* [EXERCISE AIM]: An exact reproduction of all the data is needed, with no images in it.

* [DATA EXCERPT]:
────────────────
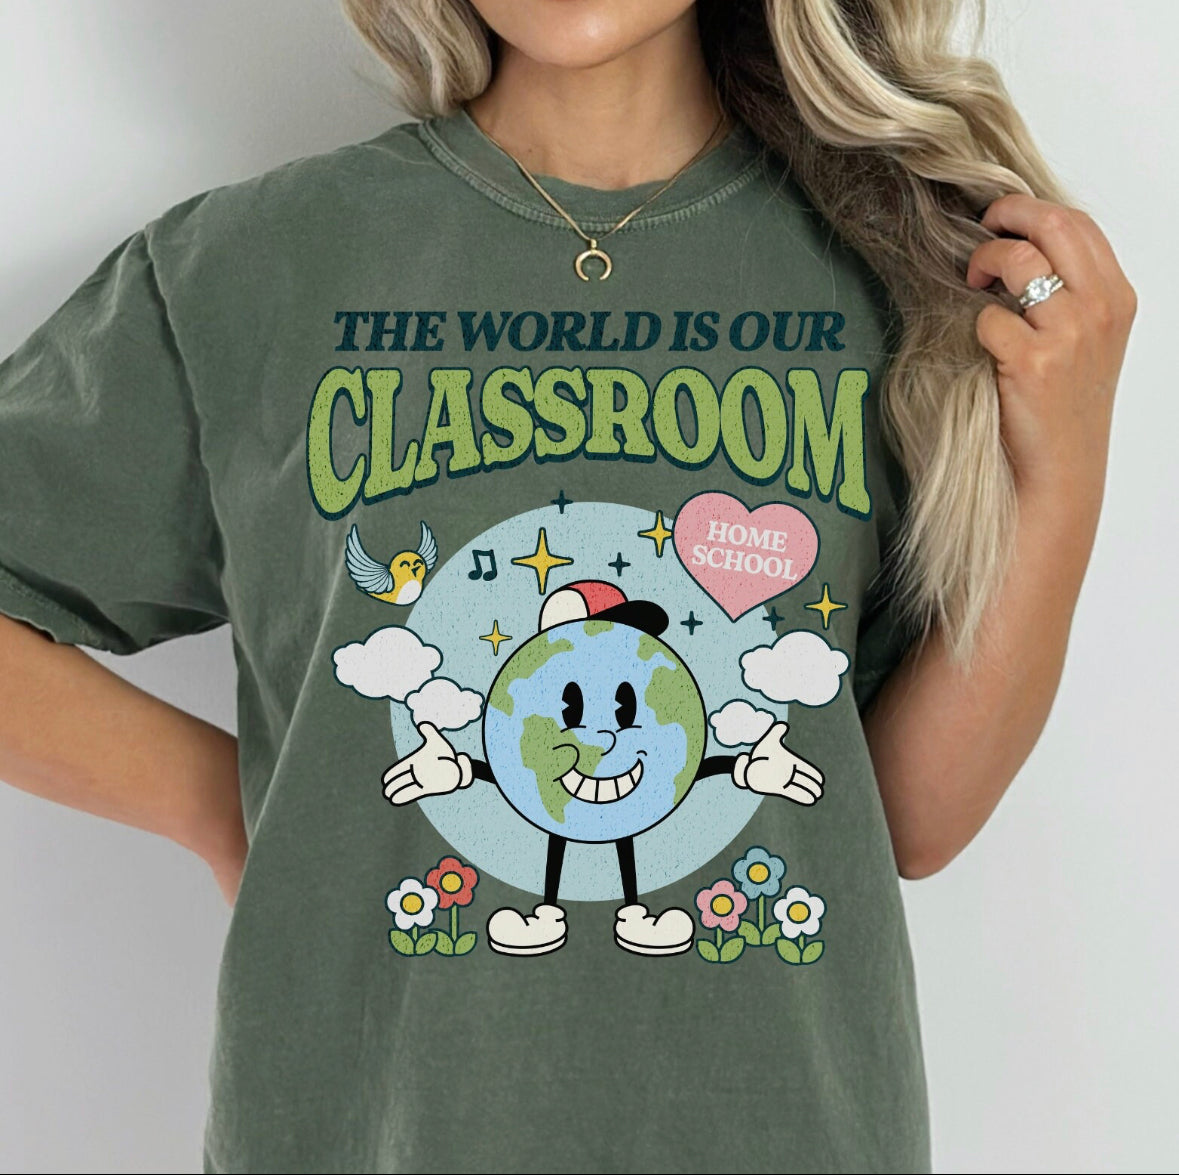 The world is our classroom
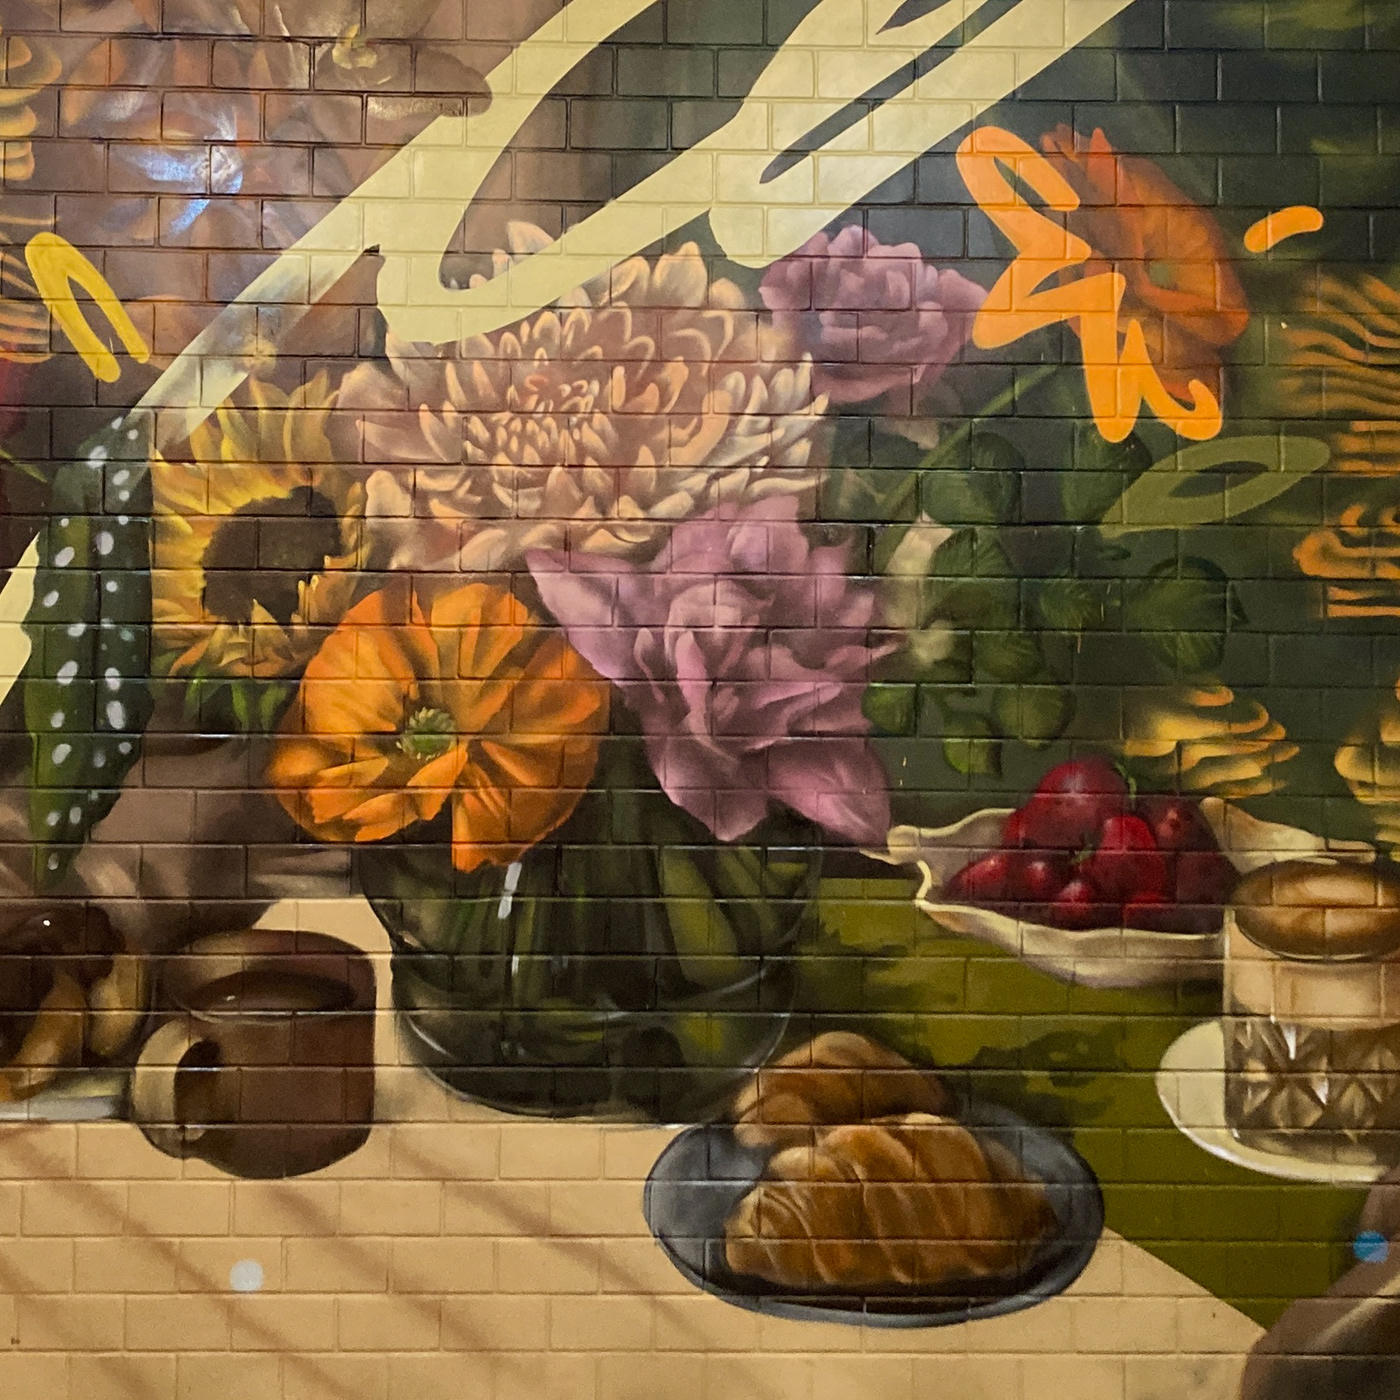 pastry cafe Mural still life kookoo ramos philippines Coffee baguio city Cream puff Victoria Bakery
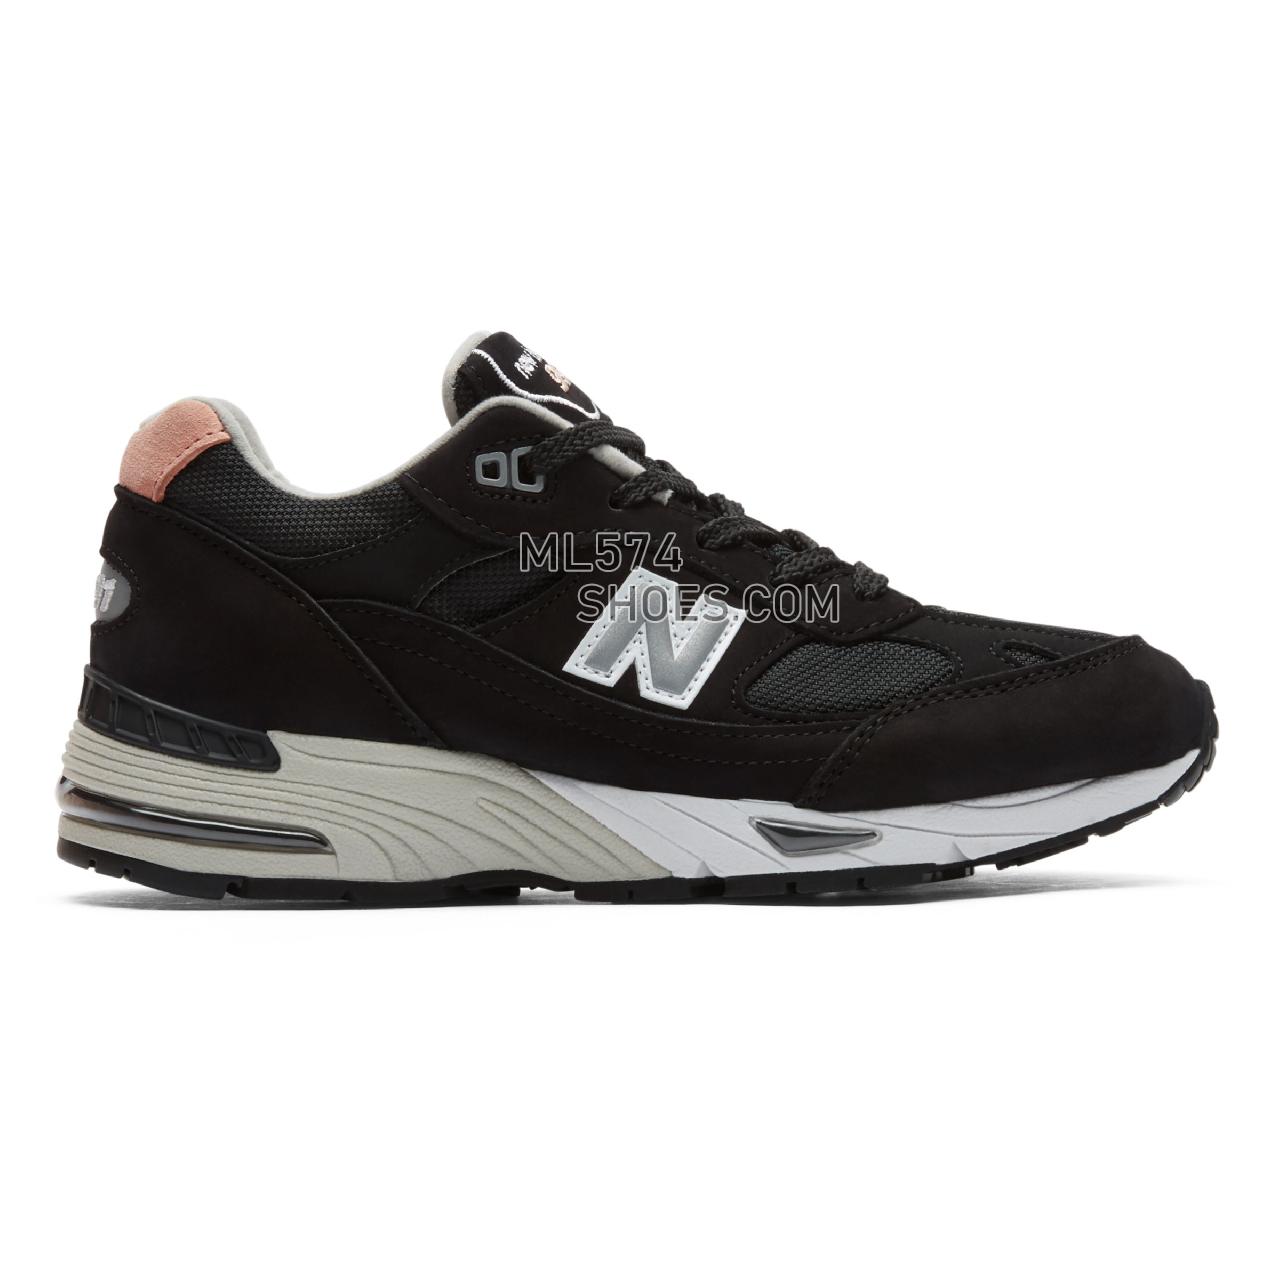 New Balance Made in UK 991 - Men's Made in UK 991 Classic - Black with Pink - W991KKP
────────────────
* [SOLUTION TO THIS TASK]:
 The world is our classroom
 pastry cafe Mural still life kookoo ramos philippines Coffee baguio city Cream puff Victoria Bakery
 New Balance Made in UK 991 - Men's Made in UK 991 Classic - Black with Pink - W991KKP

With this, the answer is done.